▸ **Work request**: The response should contain all of the data below, reproduced exactly, and no pictures.

▸ **Data section**:
--------

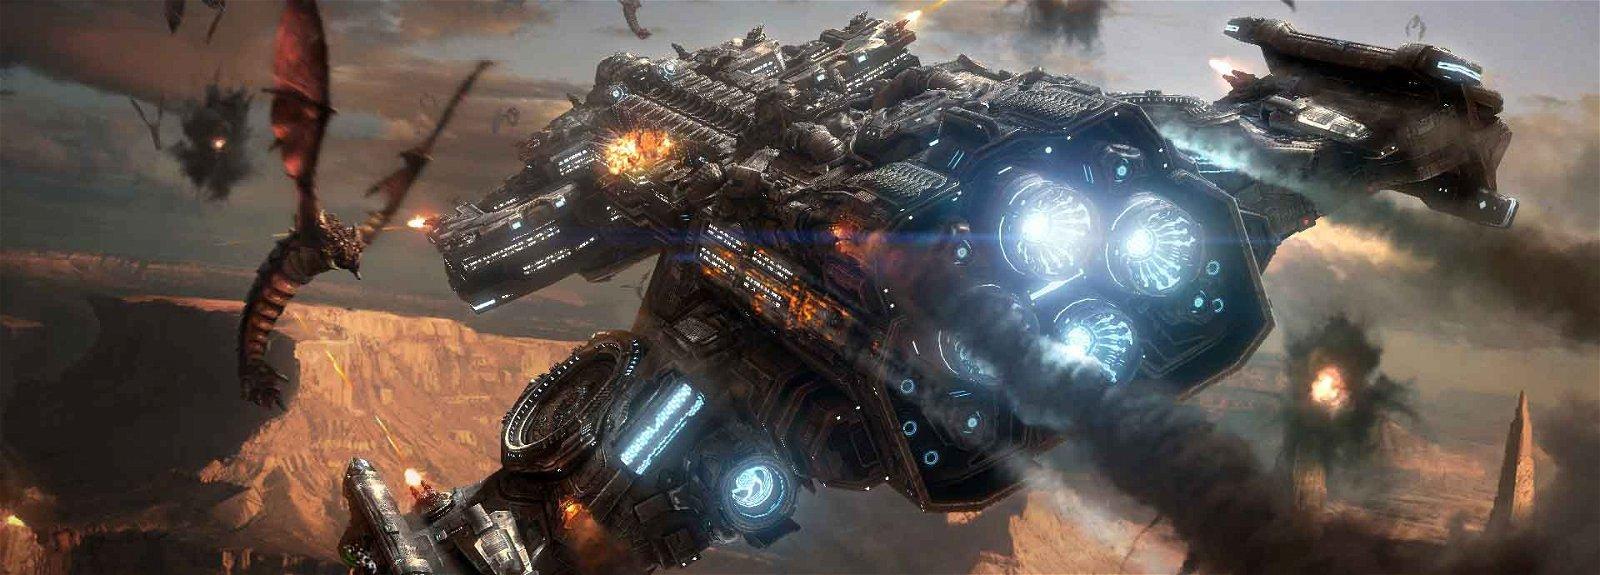 Battlecruisermisd.jpg
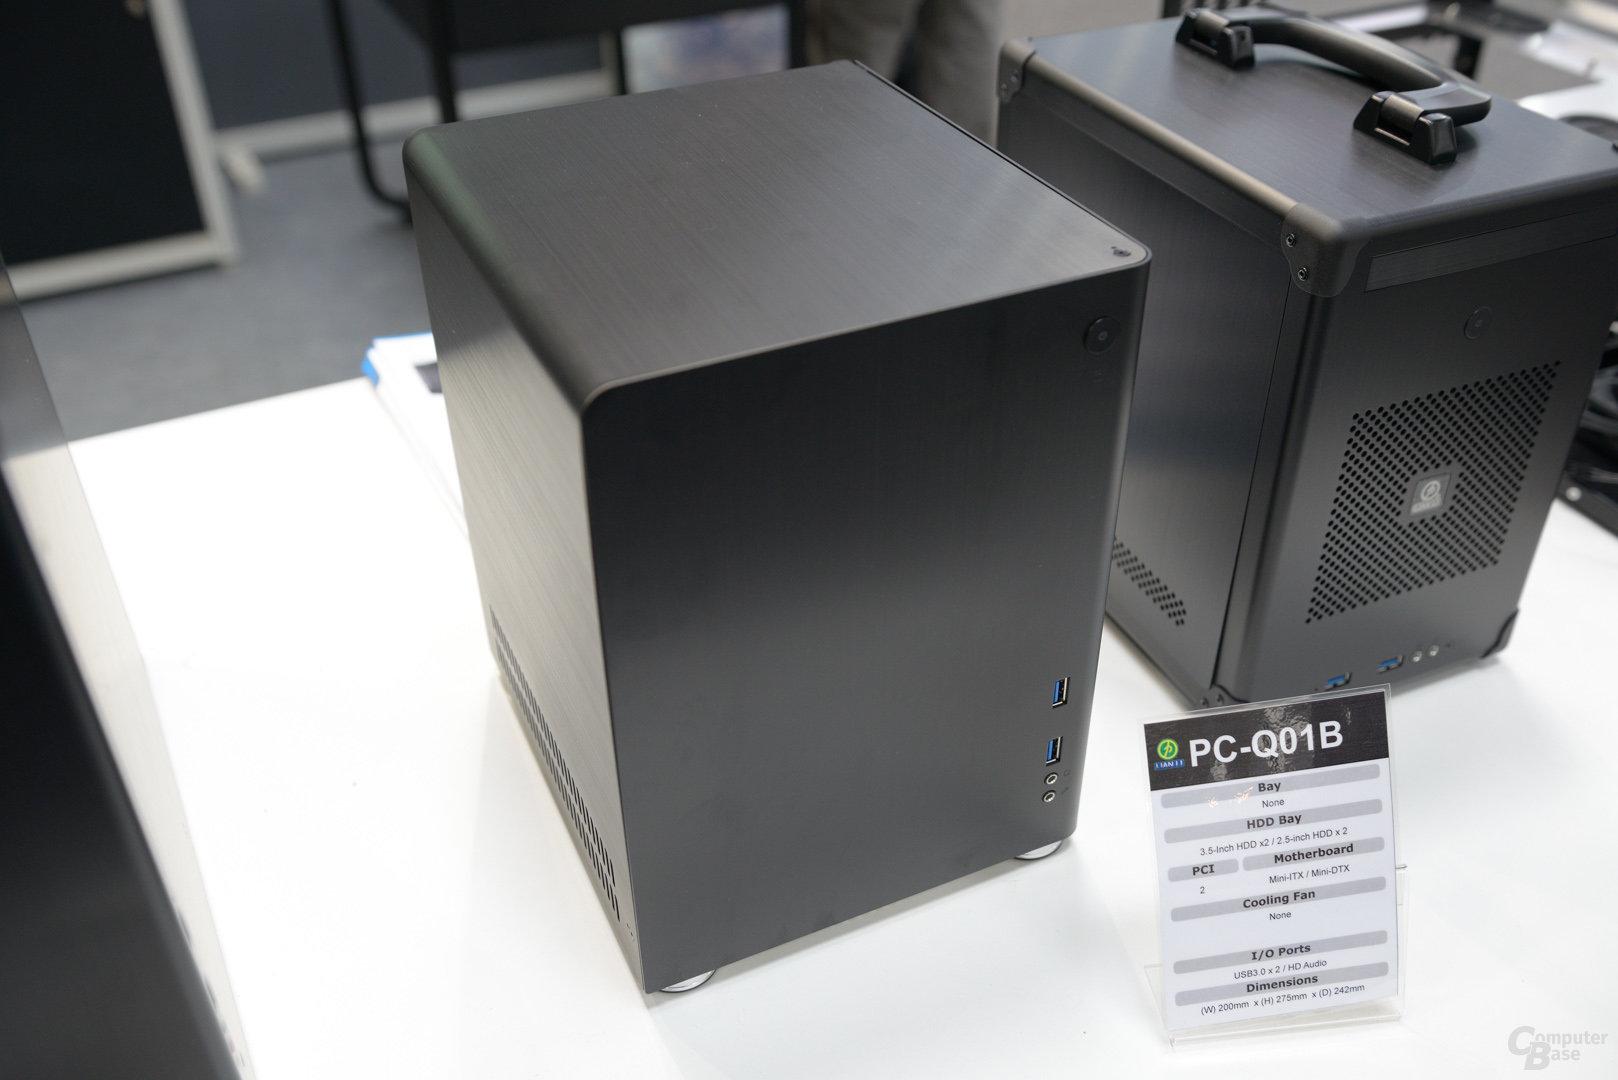 PC-Q01B
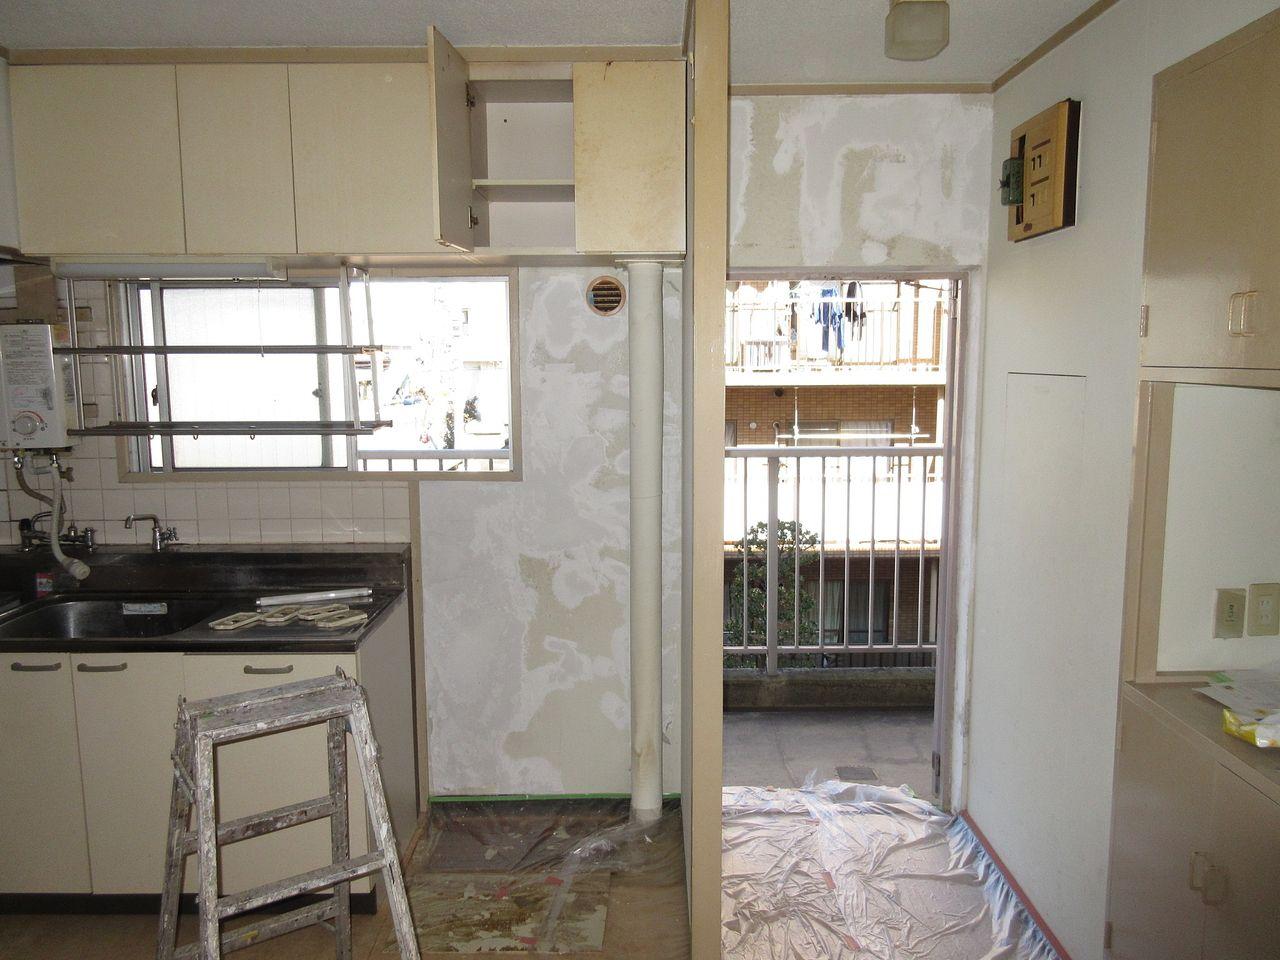 DIY賃貸予定部屋の工事レポート~Vol.2~

--------

▸ **Your response**:
 Battlecruisermisd.jpg
 PC-Q01B
 DIY賃貸予定部屋の工事レポート~Vol.2~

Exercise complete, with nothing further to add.